Уже выше мы имели повод заметить, что известие 'Жизнеописаний' Оттона о походах Болеслава в Поморье не имеет точного хронологического характера и представляет простое упоминание о событиях с целью объяснения последующего. Всматриваясь в него ближе, нельзя не видеть, что главным источником здесь были сообщения поляков. Они рассказывали миссионерам, что знали о поморянах и, конечно, по чувству национальной гордости, не могли умолчать о славных подвигах своего князя. От таких рассказов нельзя требовать исторической последовательности и точности; они - общие воспоминания. Поэтому нам кажется, что нет никакой надобности относить с новейшими исследователями взятие Наклы ко времени 1119-1120 гг. и ради этого полагать, что Накла была совсем другой крепостью, чем Накель Мартина Галла и будто бы лежала неподалеку от Колобреги. Для подтверждения такой догадки нет надежных данных; напротив, зная характер рассказа, основанного на воспоминании, гораздо ближе думать, что Накла 'Жизнеописаний' и Накель польского анналиста тождественны, что оба источника говорят хотя и различно, но об одном и том же событии.

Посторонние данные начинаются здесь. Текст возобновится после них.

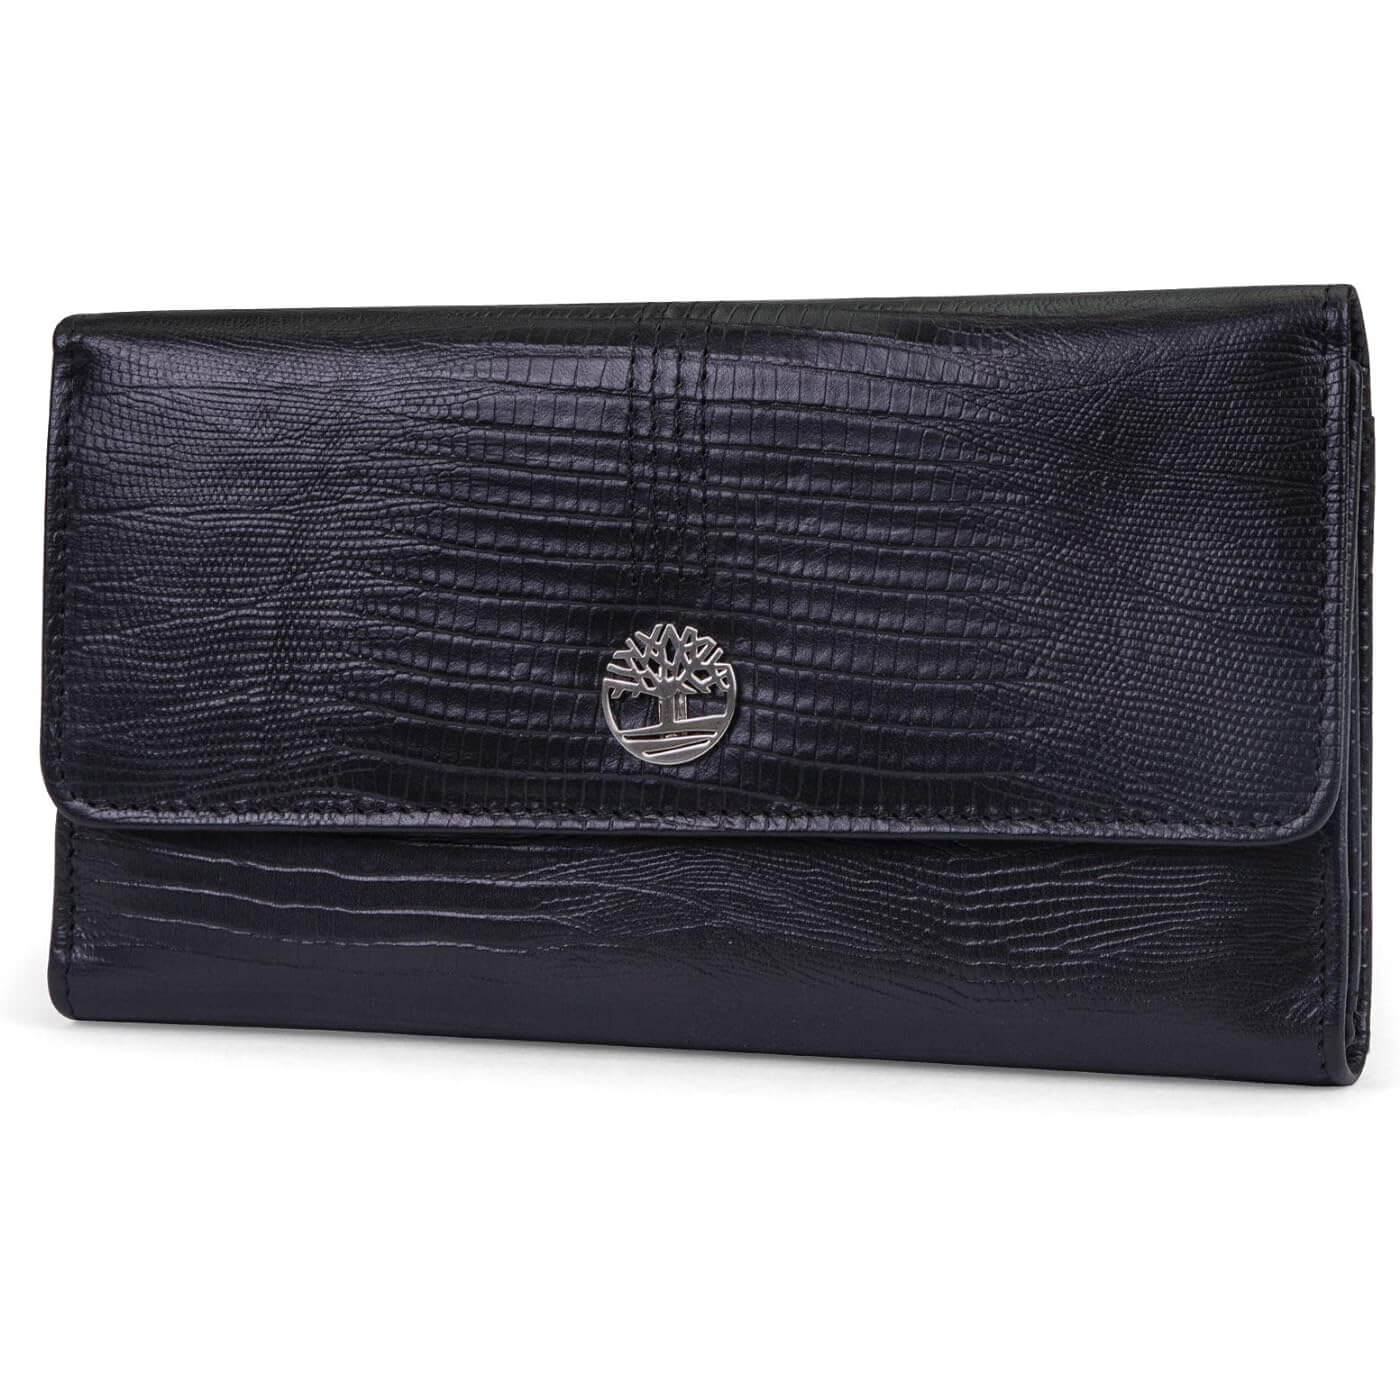 Кожаный кошелек-клатч Timberland RFID Flap Organizer, черный кошелек кожаный женский lison kaoberg k 9102
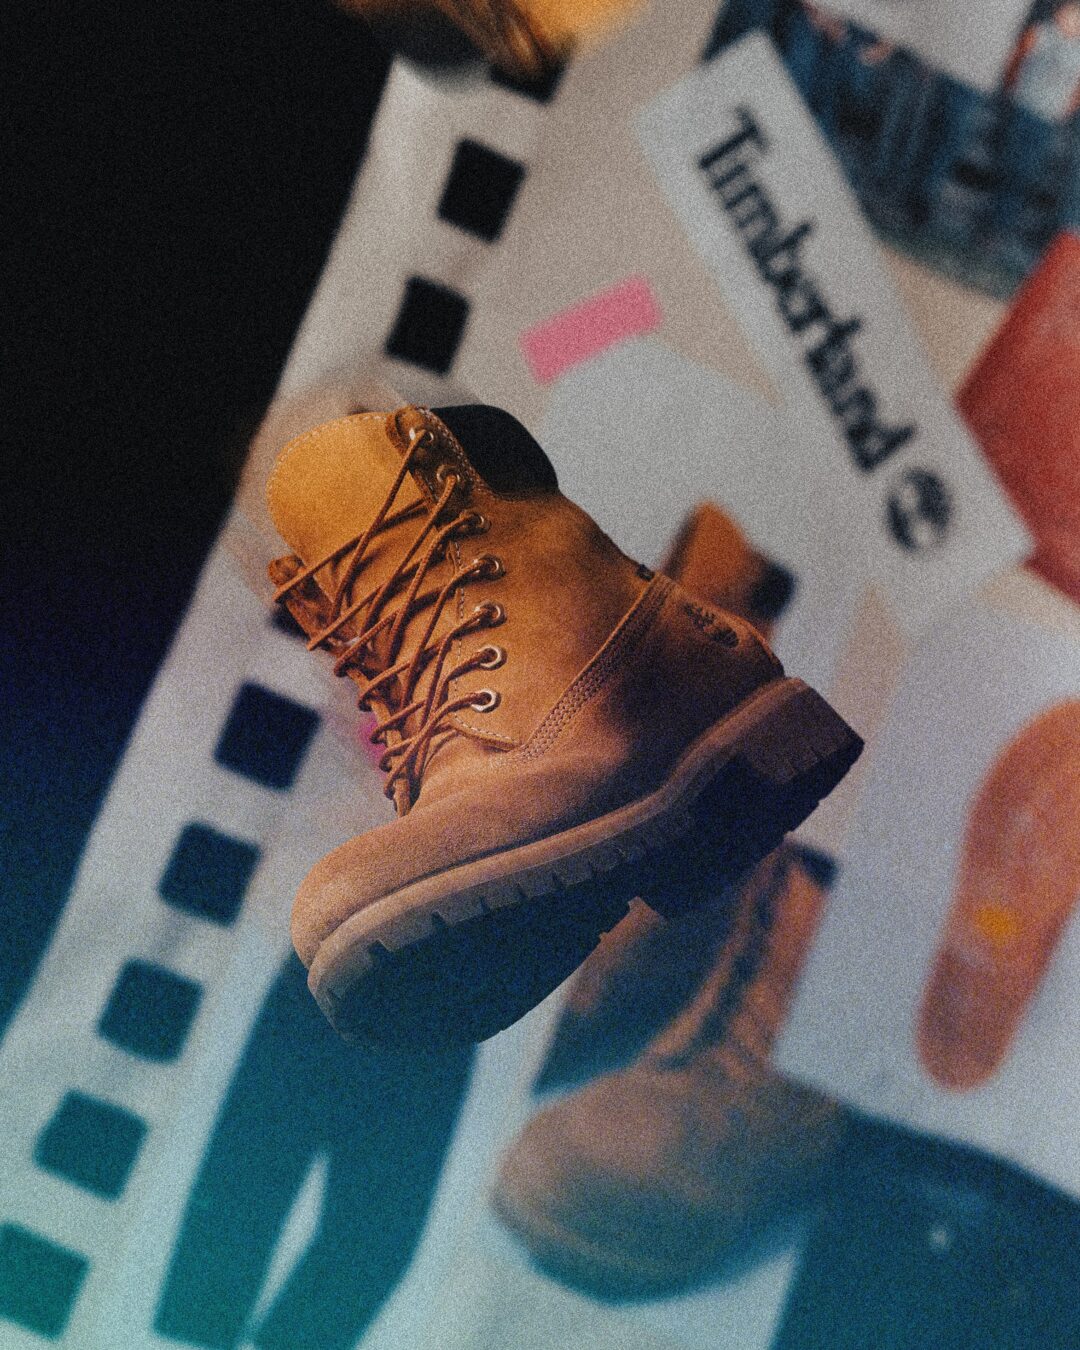 Timberland × mita sneakers × WHIZ のトリプルネームのイエローブーツが11/25 発売 (ティンバーランド ミタスニーカーズ ウィズリミテッド)

Управившись с восточным Поморьем, Болеслав обратил оружие против западного. Из слов наших памятников можно заключить, что он несколько раз вторгался в страну, но об этих походах его у нас нет никаких подробных и определенных сведений. В строгом смысле исторически засвидетельствованным представляется только поход 1120-1121 г., когда Болеславу удалось взять Штетин, разорить несколько крепостей и городов. Бамбергские проповедники имели случай лично видеть страшные следы польского погрома. Сколь далеко прошло польское оружие остается неизвестным; можно думать, что оно не переходило за Одру, равным образом, как, кажется, Волын остался нетронутым. Если дать силу случайным показаниям 'Жизнеописаний' и мнению самих поляков, то результатом этой войны было покорение Поморья, но события указывают на иное; из них видно, что зависимость поморян от поляков не шла далее обещаний дани, военной помощи и принятия христианства. Хотя и сильно ослабленное, Поморье стоит независимо со своим народным князем и своим правительством; польский авторитет, в виду недавних бедствий, имеет значительную силу, но это - сила страха, а не политической зависимости или подчинения; притом же свободный и сильный Волын знать не хочет ни миссионеров, ни посланников польского князя и относится к ним с грубым неуважением. Из всех обязательств поморский князь, как христианин, расположен исполнить только обязательство принятия христианства, да и здесь, может быть, не доверяя призванному поляками миссионеру, он оказывает ему мало помощи, и вначале предоставляет его собственным его силам. Такие непрочные отношения к Поморью были не скрыты от Болеслава: затрудняясь, быть может, новыми войнами, он решился испытать средство, к которому, кроме того, обязывало его и звание христианского монарха, к введению христианства. Он вызвал на этот подвиг Оттона.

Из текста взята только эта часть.